Book Club Resources For The Historian
Ratings at the time this post was published
|Goodreads: 3.62 stars (41,195 reviews)|
|Amazon: 3.3 stars (1,570 reviews)|
|Barnes & Noble: 4 stars (923 reviews)|
|My Rating: 4 stars A spooky, intelligent read!|
“…Elizabeth Kostova has produced an honorable summer book, reasonably well written and enjoyable and, most important of all, very, very long: One can tote The Historian to the beach, to the mountains, to Europe or to grandmother’s house and still be reading its 21st-century coda when Labor Day finally rolls around.” – Michael Dirde, The Washington Post
“…Ten years in the writing, this debut is recommended for readers who enjoy arcane literary puzzles la Dan Brown’s The Da Vinci Code and Ian Caldwell’s The Rule of Four.” – Patricia Altner, Library Journal
- “Anyone who loves to become involved in the lives of fictional characters will find much to savor in this intricately plotted, delicately written novel. Kostova is a natural storyteller. She tells her otherworldly tale with great assurance and considerable style.” – June Sawyers, San Francisco Chronicle
Discussion Questions for The Historian
- What were your inital feelings toward Turgut? Did those feelings change as the novel progressed?

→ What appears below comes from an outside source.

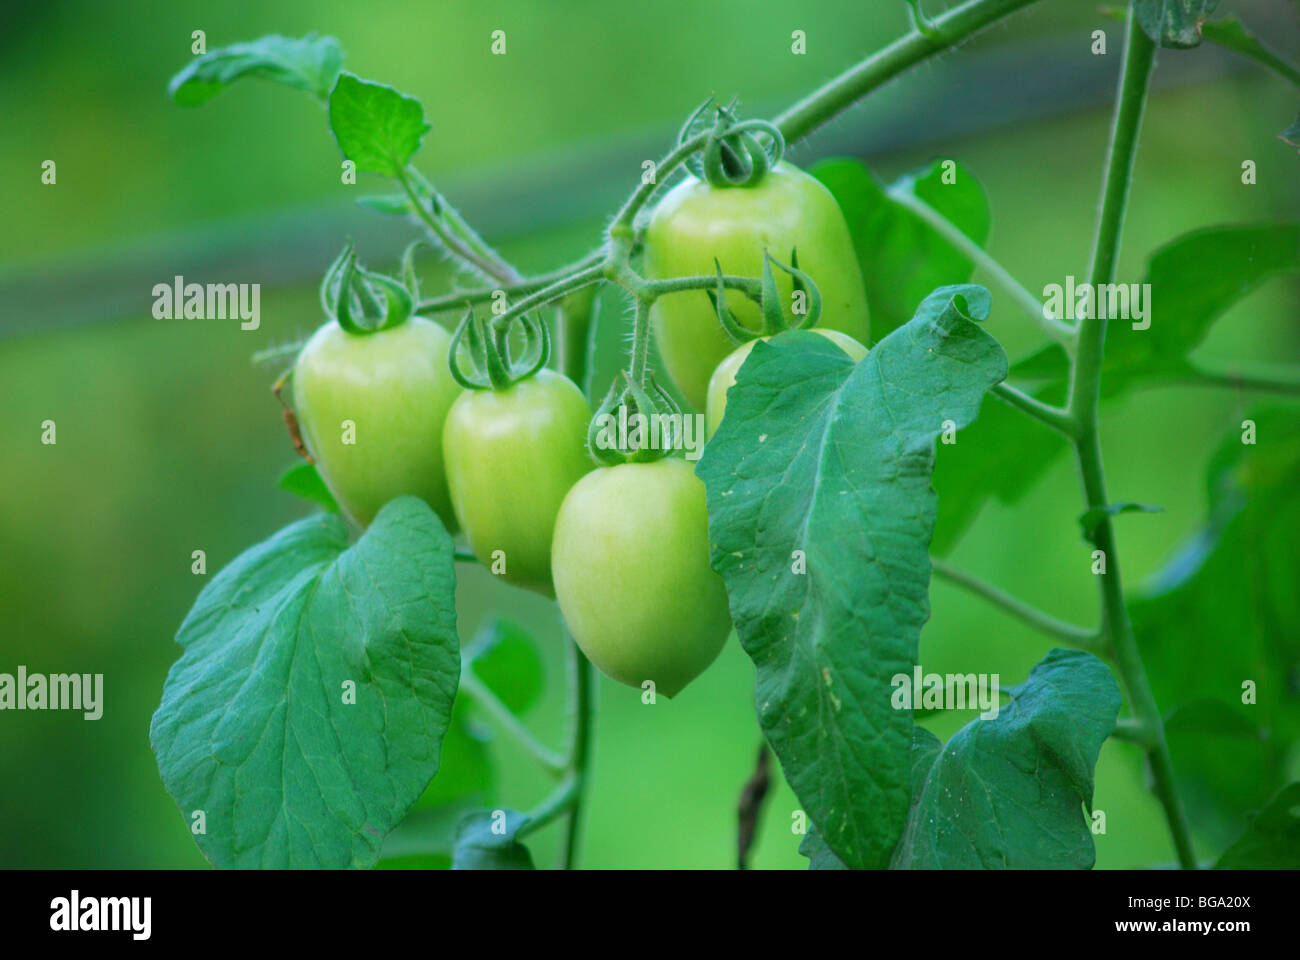 tomato plant - Stock Image

- What is the significane of Helen and her mother’s dragon tatoos?
- Why do you think the author never mentions the name of novel’s narrator?
- Paul, an American, and Helen, an Eastern European, have cultural differences but a shared passion of history. Discuss their relationship. Did you find their coming together believable? Why or why not?
- What did you think of the ending epilogue? Will the narrator be able to escape her legacy?
- Who is the Historian?
Purchase The Historian at your favorite bookseller
- 2003 Winner of Hopwood Award for Novel-in-progress
- 2005 Winner of Quill Award for Debut Author of the Year
- 2005 Nominated for International Horror Guild Award for Best Novel 2005
- 2006 Winner of Book Sense Book of the Year Award for Best Adult Fiction
Sony has bought the film rights to The Historian.